• [PROVIDED DATA]:
◆ ◆ ◆ ◆ ◆
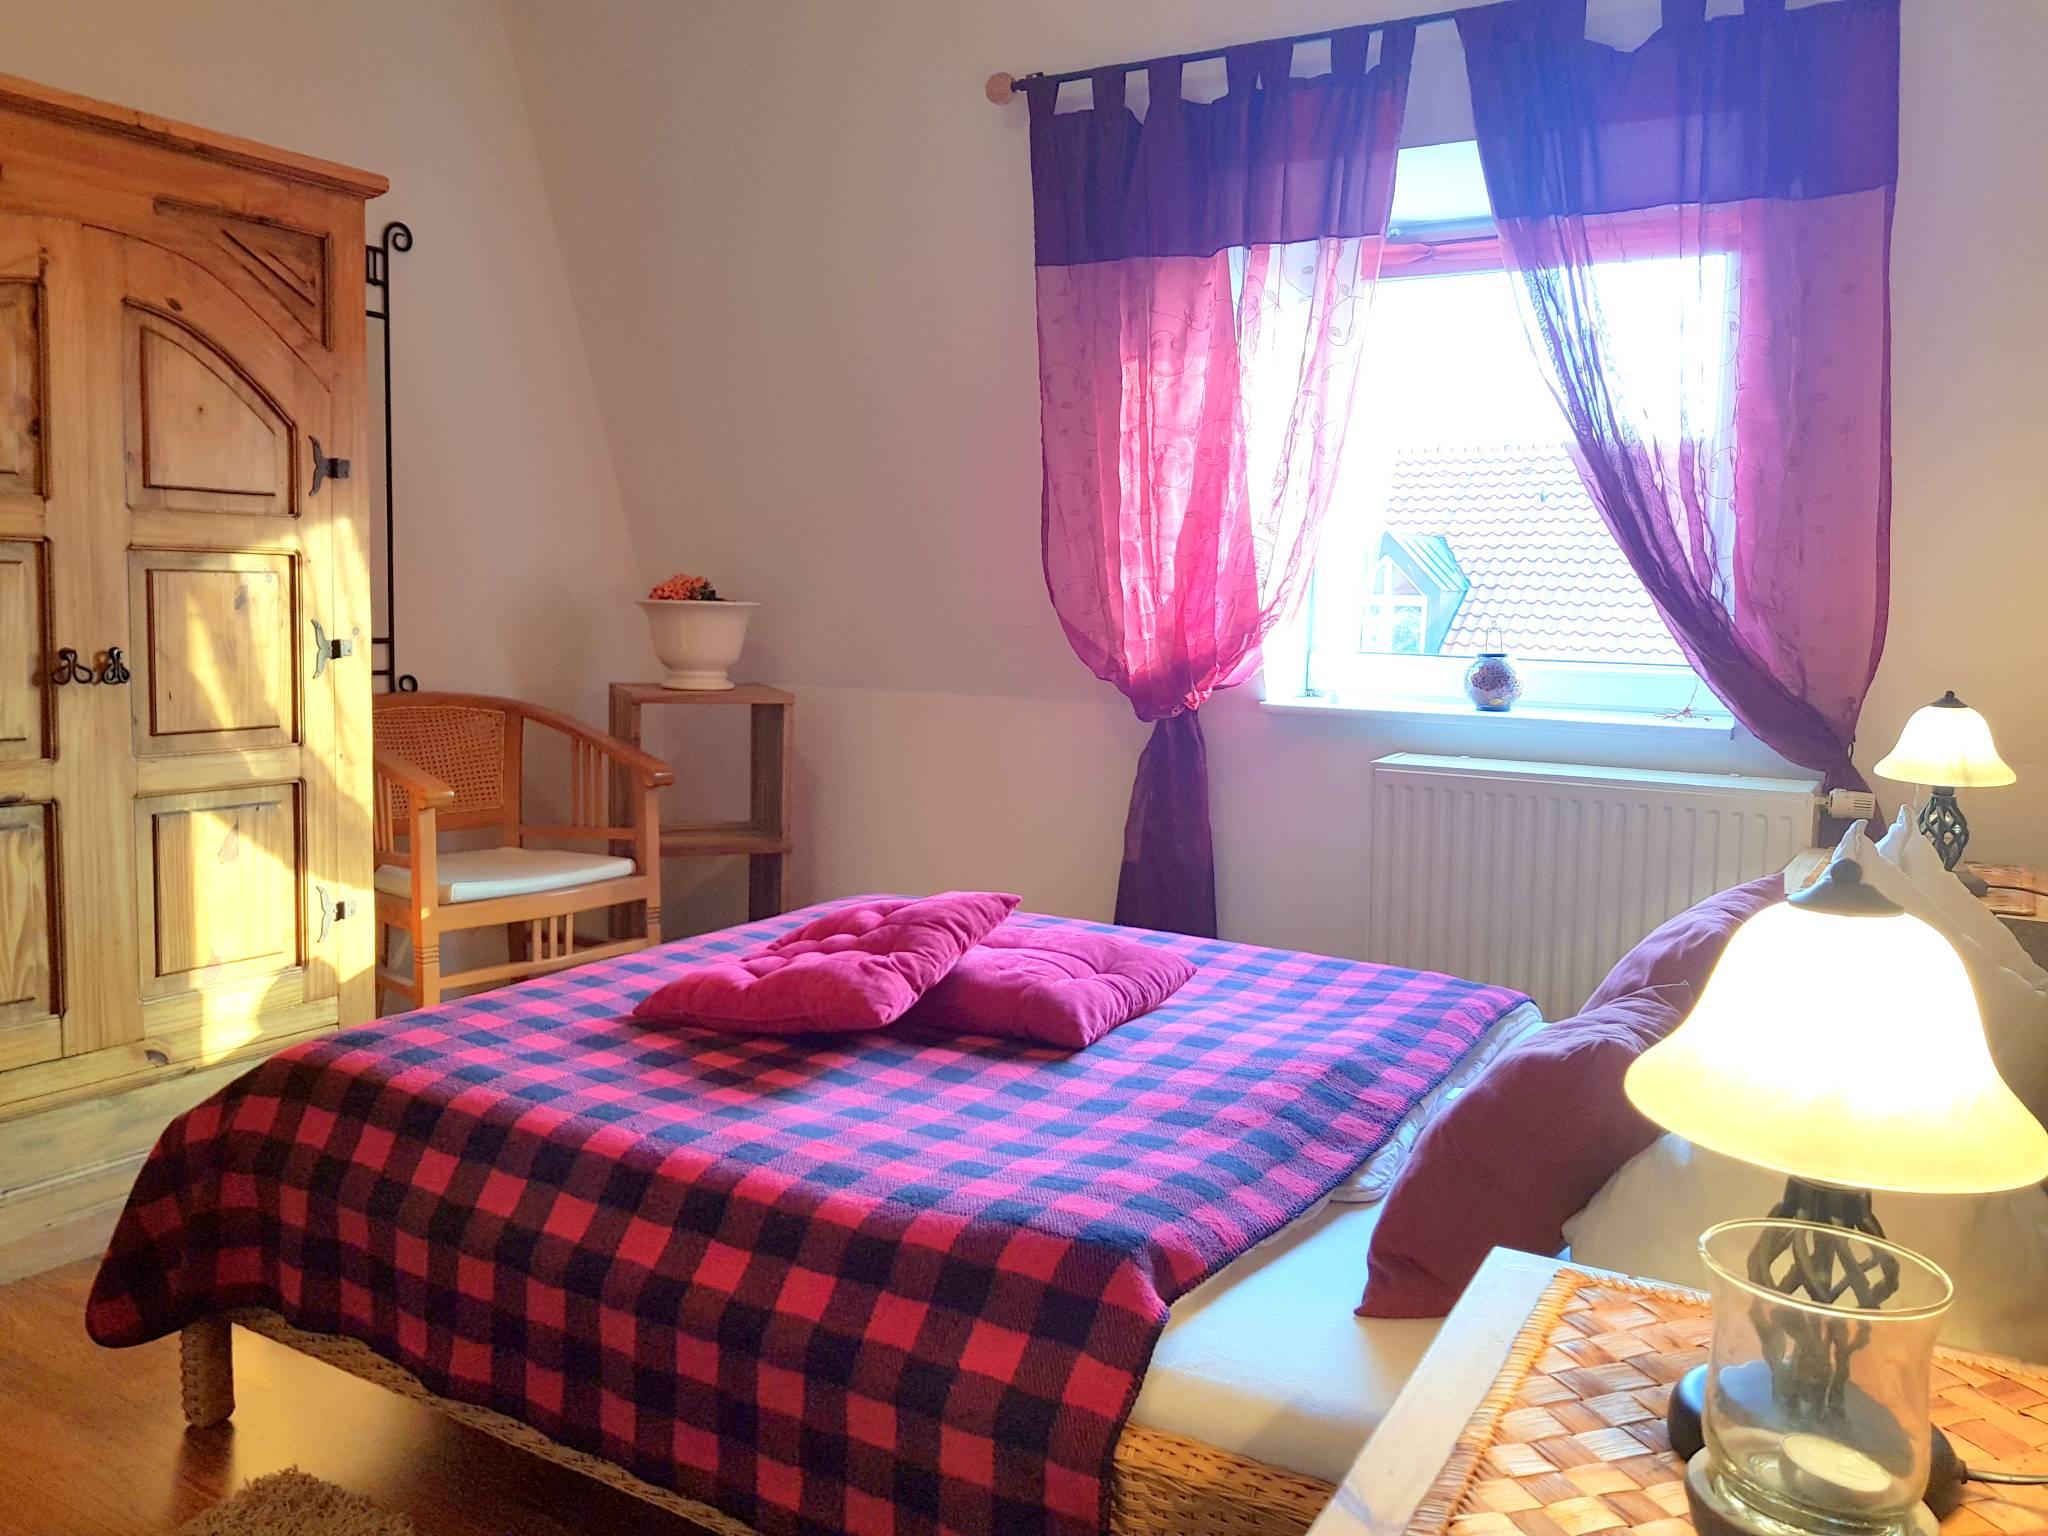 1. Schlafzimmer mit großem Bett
◆ ◆ ◆ ◆ ◆
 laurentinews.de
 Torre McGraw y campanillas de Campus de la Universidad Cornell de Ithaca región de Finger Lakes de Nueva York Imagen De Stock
◆ ◆ ◆ ◆ ◆
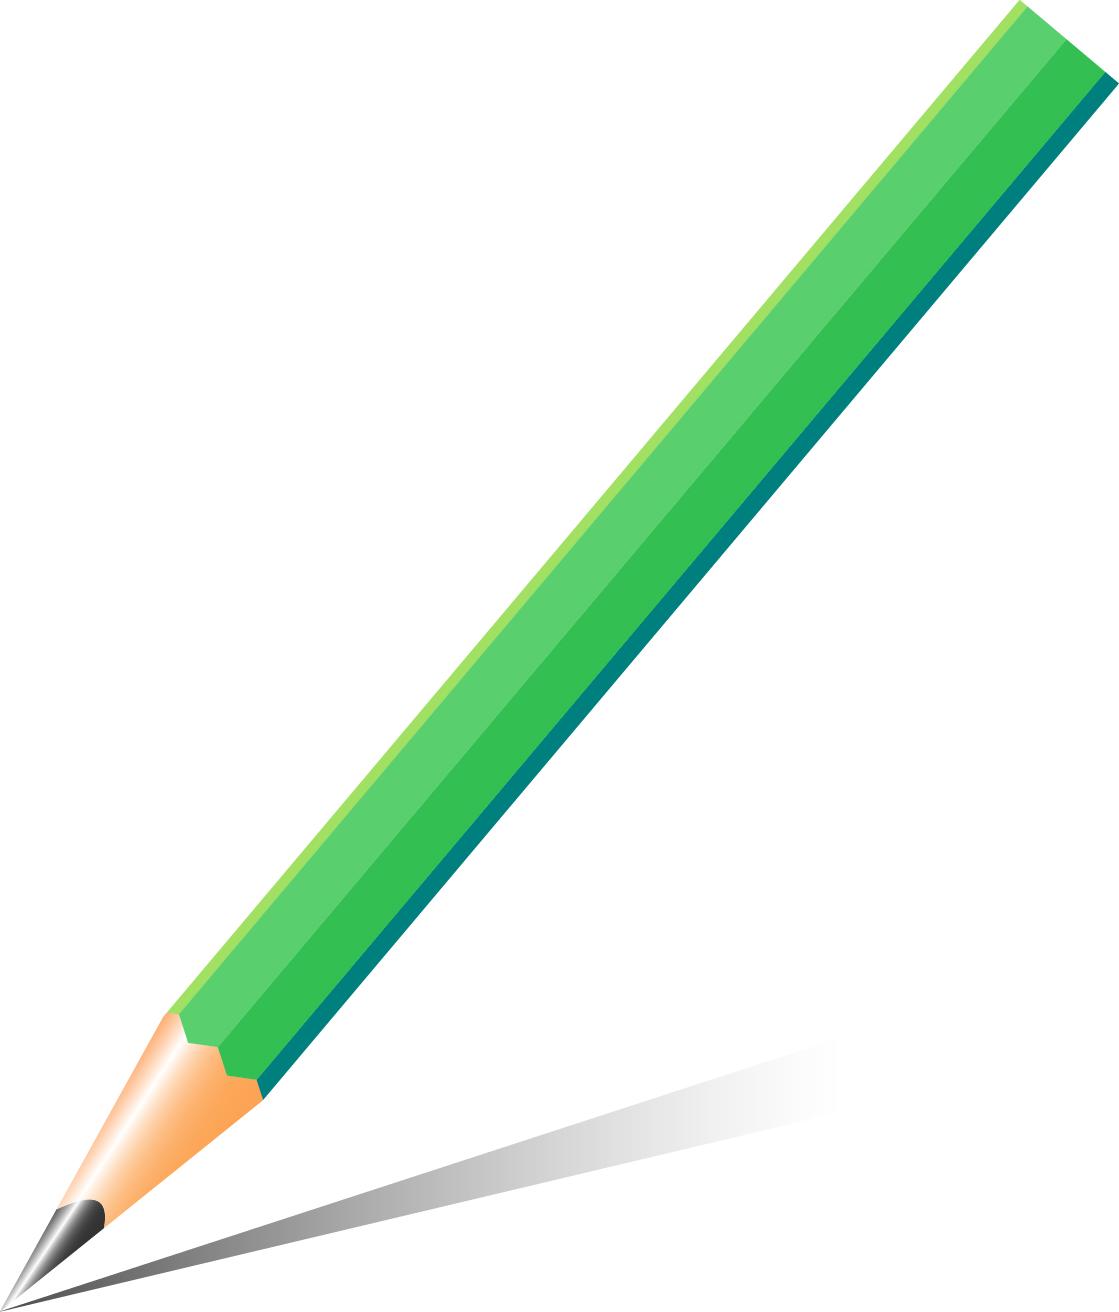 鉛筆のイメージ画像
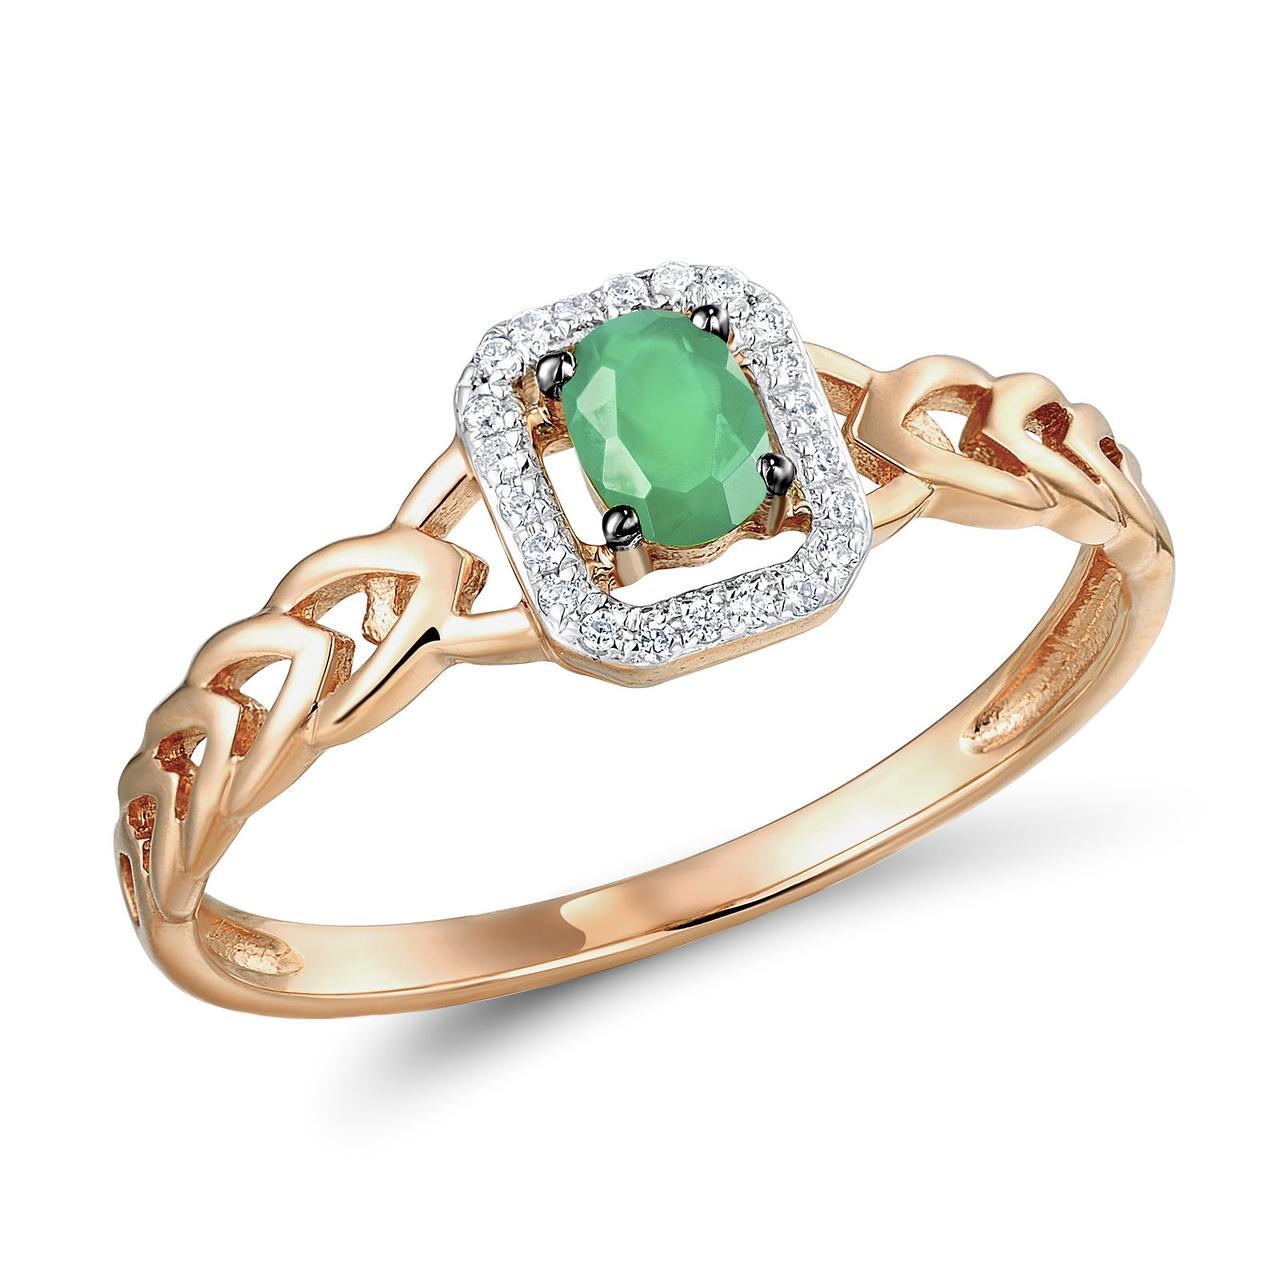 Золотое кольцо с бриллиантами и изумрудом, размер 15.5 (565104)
◆ ◆ ◆ ◆ ◆
• [WORK TO BE COMPLETED]:
All that is wanted is an exact copy of the lines above from the one with "laurentinews.de" through the one with "Torre McGraw y", with both ends included.

• [EXERCISE ANSWER]:
 laurentinews.de
 Torre McGraw y campanillas de Campus de la Universidad Cornell de Ithaca región de Finger Lakes de Nueva York Imagen De Stock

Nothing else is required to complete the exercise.